3 Aggressive behaviour
Sometimes a person with dementia can become aggressive – verbally or physically – to those around them. Unfortunately, loved ones and carers are the ones that most often have to deal with this. Seek advice and support from the specialists involved in care or ask your GP if they think a referral to the Community Mental Health Team might be needed.
After the incident
- Carry on as normal: draw a line under what happened and try not to bring it up again. Your relative may have forgotten what happened and could become upset or distressed if you mention it later. Focus on your relative, not the behaviour that they displayed.
- Don’t bottle things up: if you are hurt, angry or upset it might help to talk through your feelings with others – for example, a health professional, family member, counsellor or dementia support worker.
- Don’t take it personally: try to remember that the person is probably trying to communicate a need and does not intend to hurt you.
- Look for the cause: think about what may have triggered the behaviour. Remember that the condition is likely to make your relative think irrationally, so try to put yourself in their shoes. What might have made them feel threatened or upset? You might need to make changes to how you approach the situation.
- Take a breather: before you react, take a deep breath, step back to give the person space and take some time. If things aren’t going well, you may need to leave the room until you have both calmed down, then try again.
- Try to stay calm and avoid confrontation: shouting or losing your temper could make the situation worse. Try not to show any fear or anxiety, as this may increase the person’s agitation.
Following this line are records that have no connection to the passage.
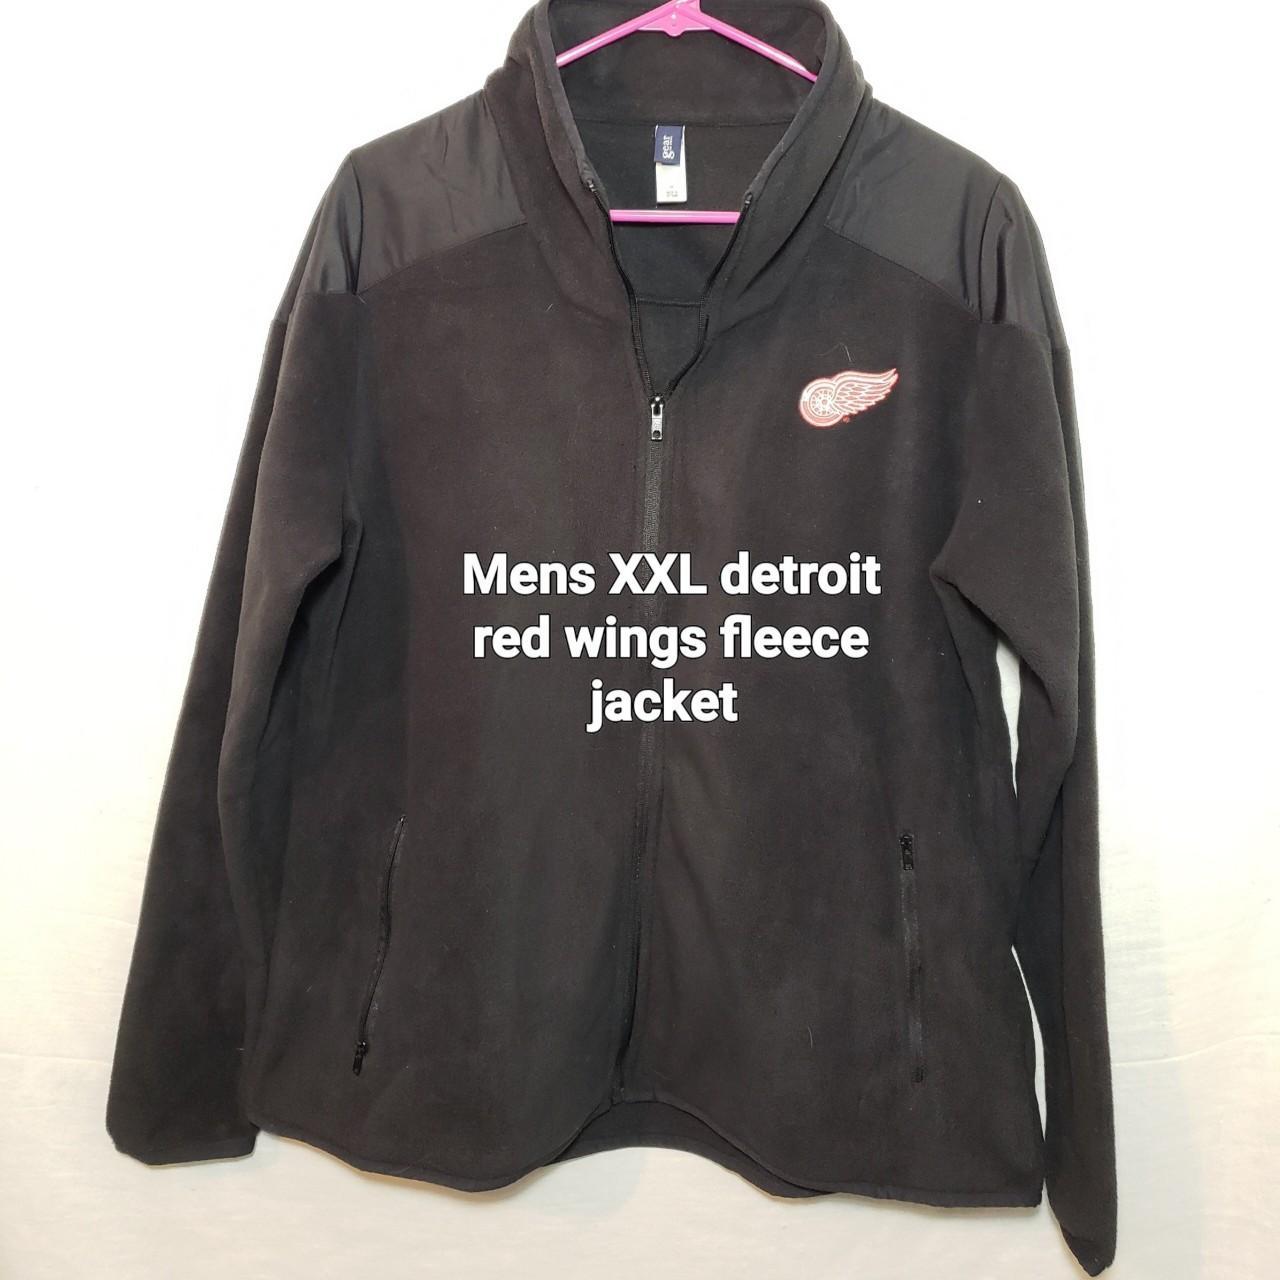 Product Image 2 - Men's Detroit Red Wings fleece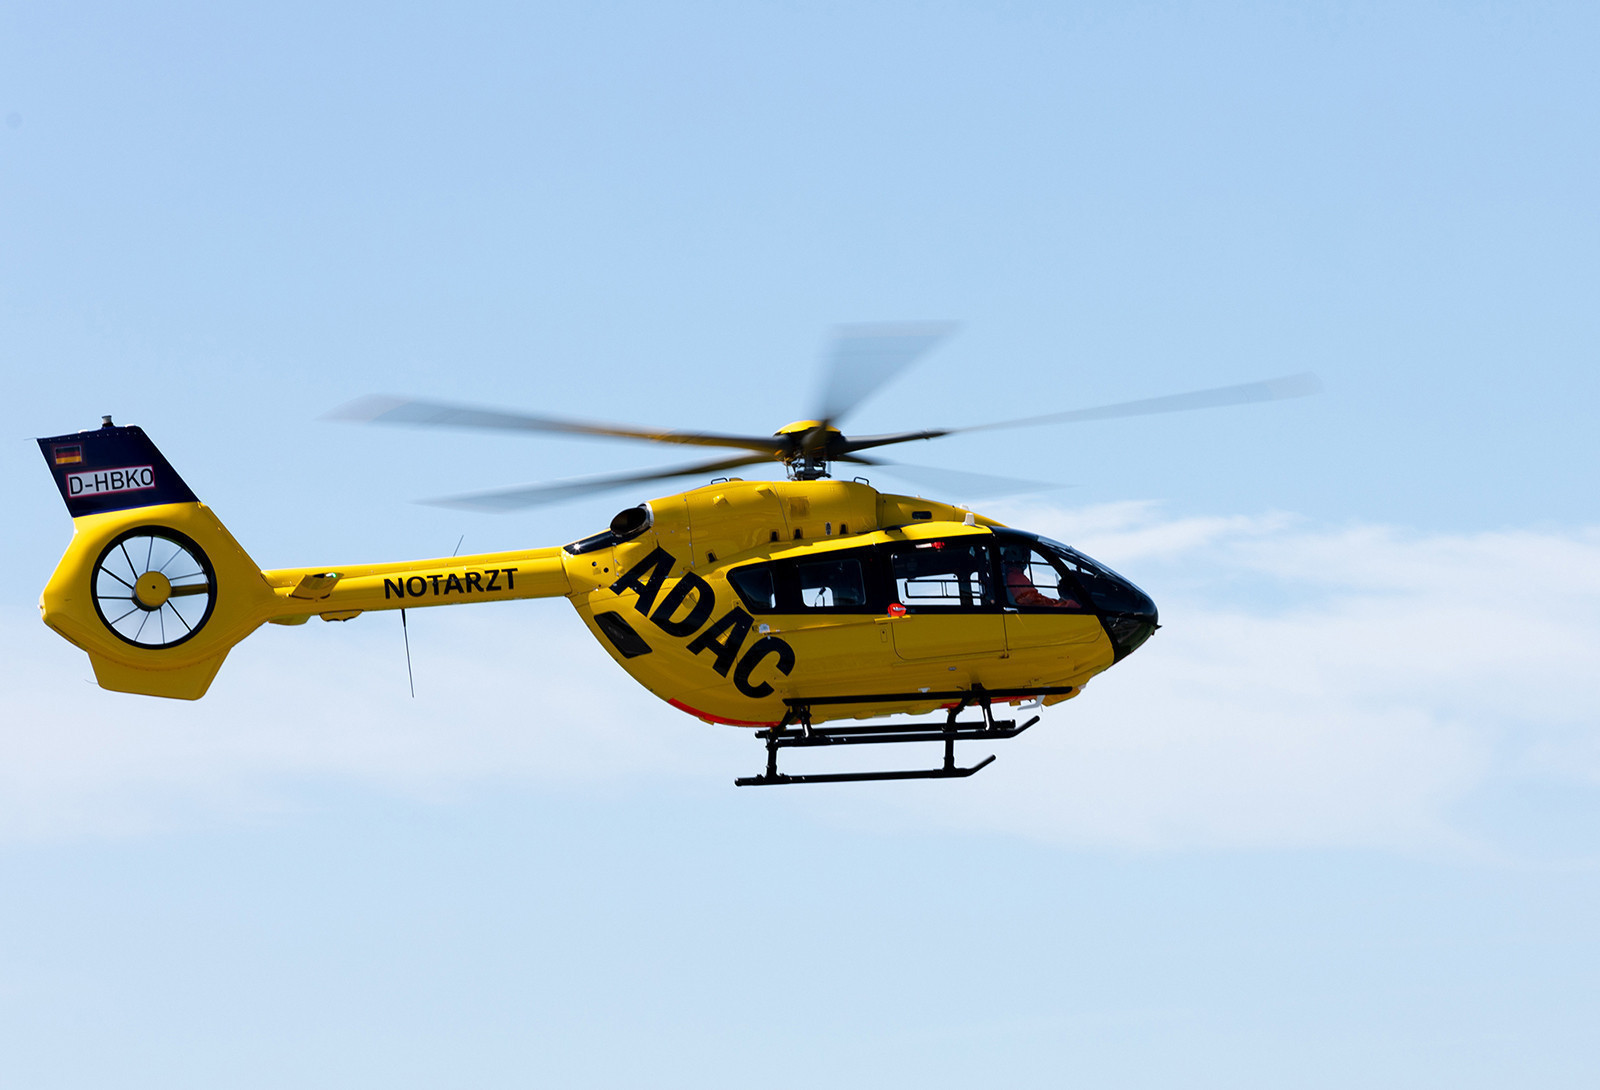 Drohne versperrt Rettungshubschrauber die Landung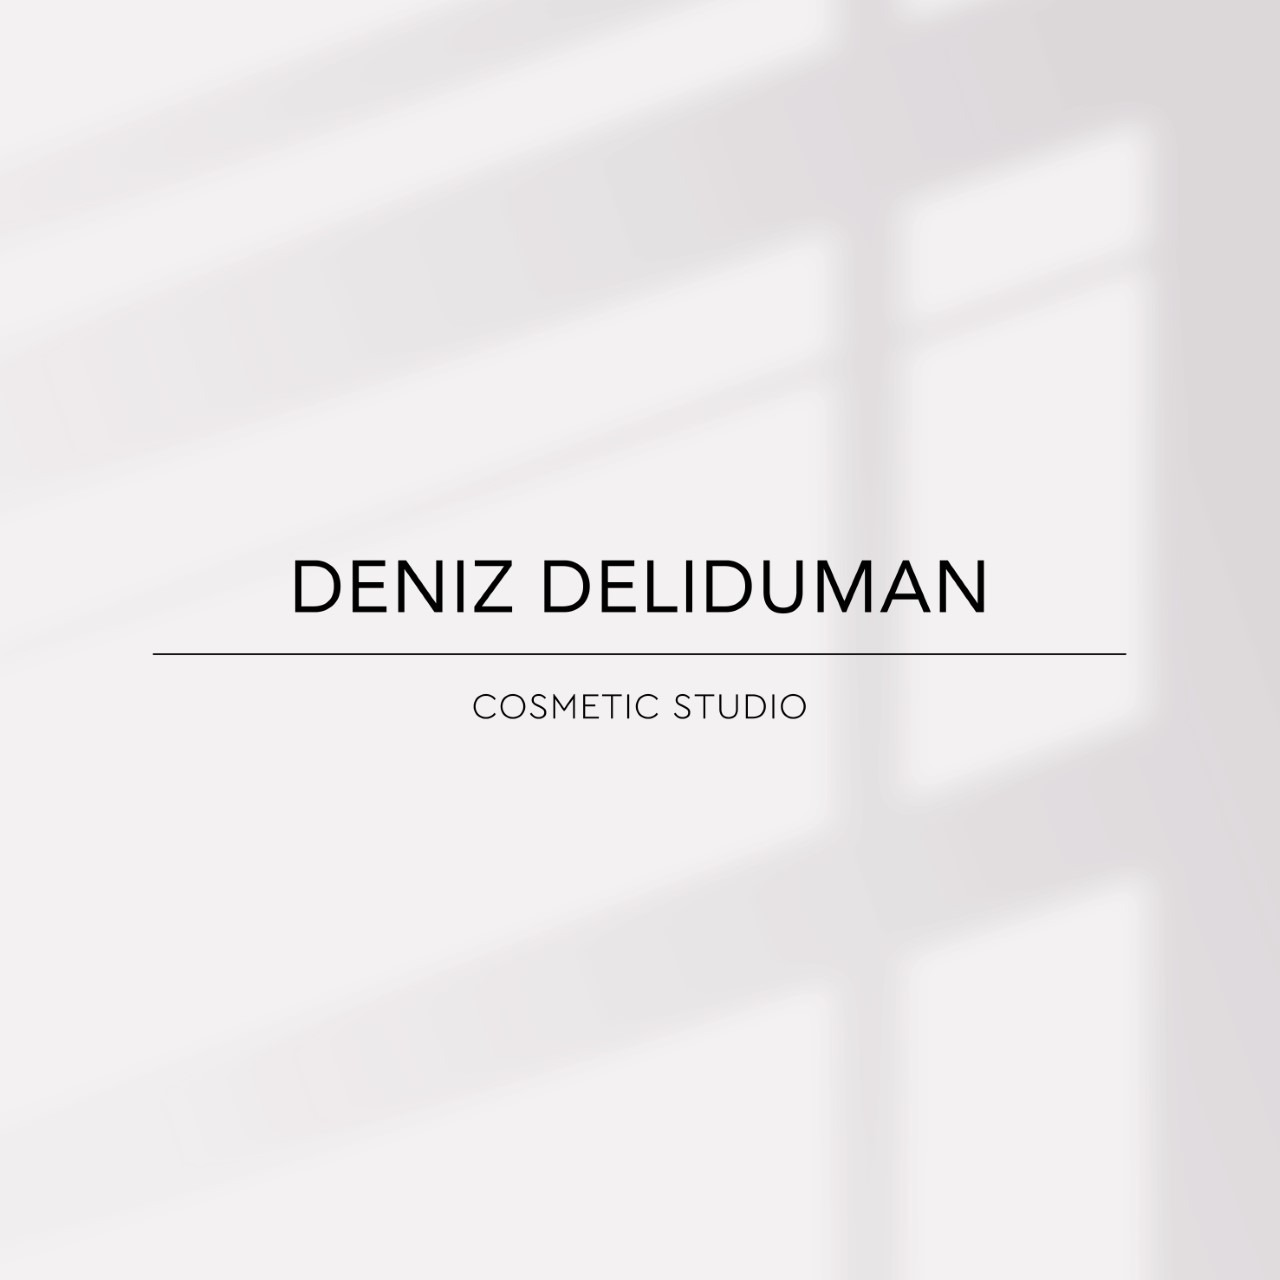 Deniz Deliduman Cosmetic Studio in München - Logo

- Don’t attempt physical contact: if your relative is being angry or aggressive, this probably isn’t the best time to initiate any physical contact. Even a friendly gesture (like a hug) at this point could be misinterpreted as threatening behaviour. Unless it is absolutely necessary, avoid closing in or trying to restrain someone, as this can make things worse.
- Listen: reassure your relative that you are listening and are trying your best to understand how they feel and what they want to communicate.
- Speak gently: try to explain calmly why you are there and that you are trying to help.
- Distract: if your relative still seems angry, try to distract his or her attention to diffuse the situation.